Another day, another mass shooting in America. When, and how, will this end? In fact, will it ever end?
On Friday, a gunman identified as 20-year-old Adam Lanza killed 26 people, including 20 children between the ages 5 and 10, at a Connecticut elementary school. He is reported to have also killed his mother, a kindergarten teacher at the school, before committing suicide.
This comes after Jacob Roberts, a 22-year-old man, armed with a semiautomatic AR-15, carrying extra magazines and wearing a hockey mask walked into a shopping mall in Oregon filled with 10,000 people and began shooting. He killed two people, and then took his own life.
A visibly shaken President Barack Obama said after the shooting at the school, "As a country, we have been through this too many times." He continued, "We're going to have to come together and take meaningful action to prevent tragedies like this, regardless of the politics."
I agree.
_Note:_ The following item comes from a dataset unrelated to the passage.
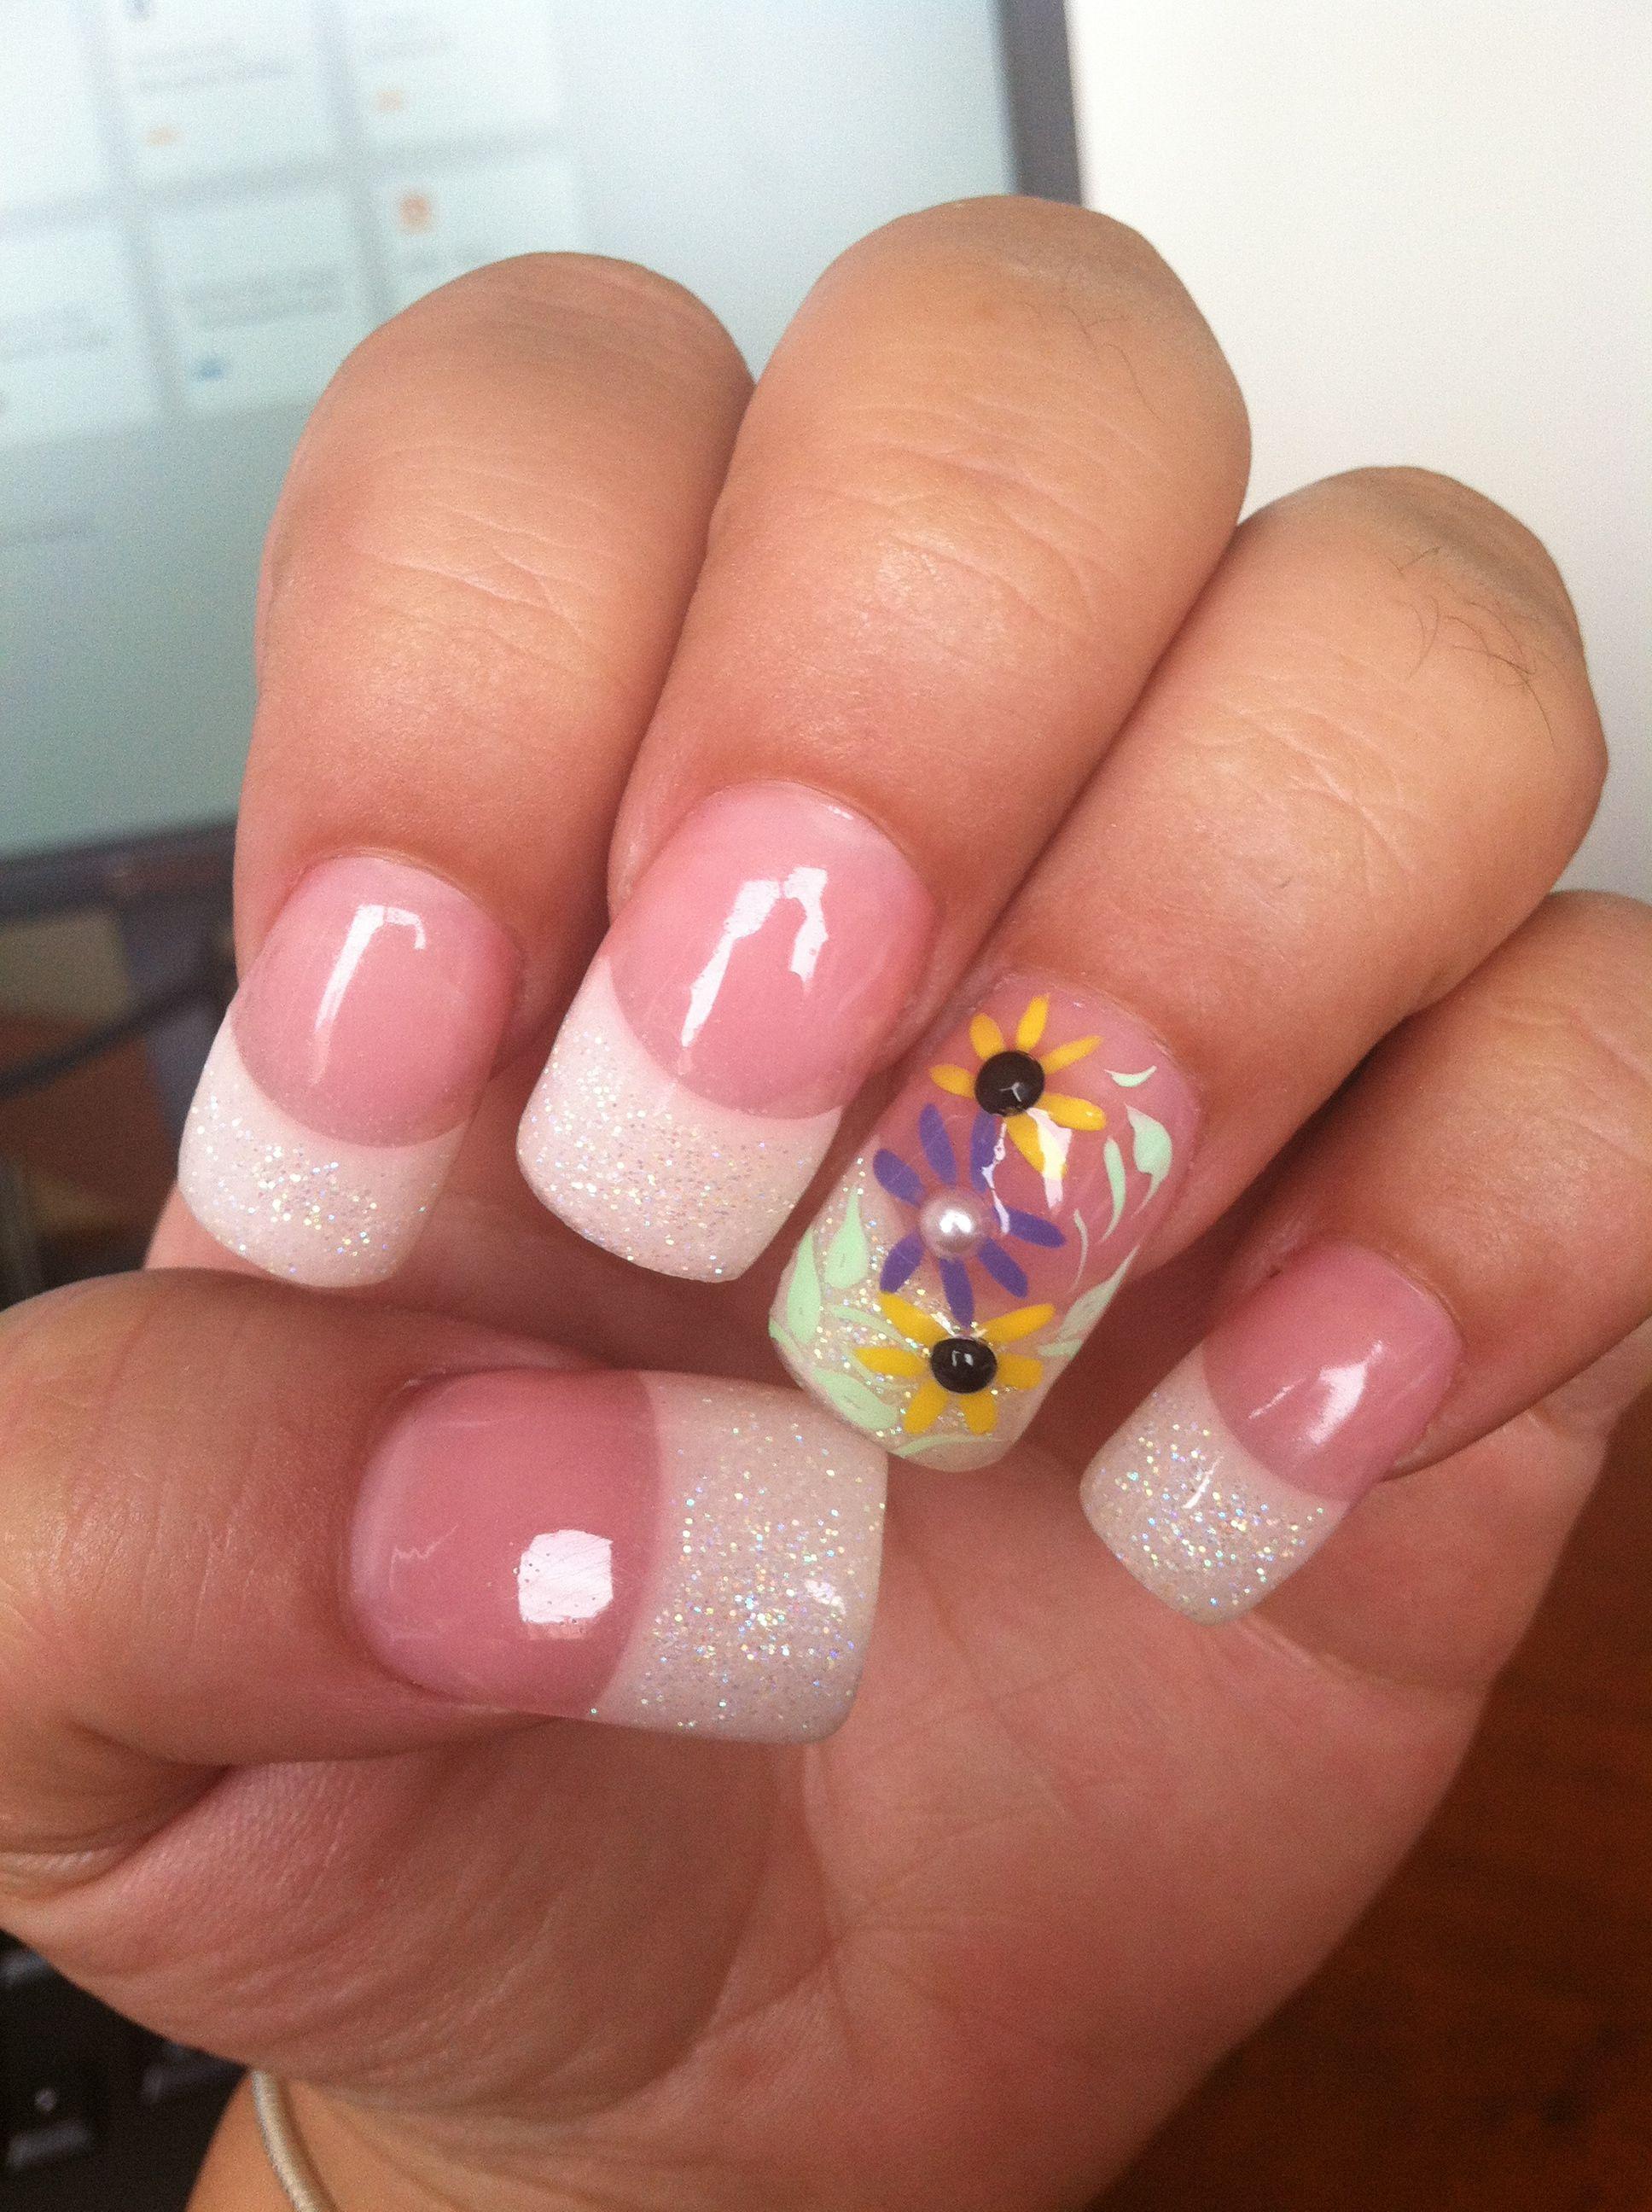 Daisy Nail Design | Daisy nails, Nail designs, Nails

I only hope that in coming days we flesh out what "meaningful action" means in policy terms? If not now, when? After the next shooting?
How many more deaths and mass shootings will it take for Washington to begin to lead the country in a deeper conversation about sensible gun controls? What will it take for our politicians to take firm and principled positions on gun policies and stand up to the gun lobby in this country? Surely this is a moment that calls all of us to reckoning.
In the vacuum of strong advocacy, too many Americans respond to tragedies like these in undesirable ways.
According to an August report from Bloomberg News, "background checks for gun purchases spiked 41 percent in Colorado after 12 people were killed inside a suburban Denver movie theater, according to state data."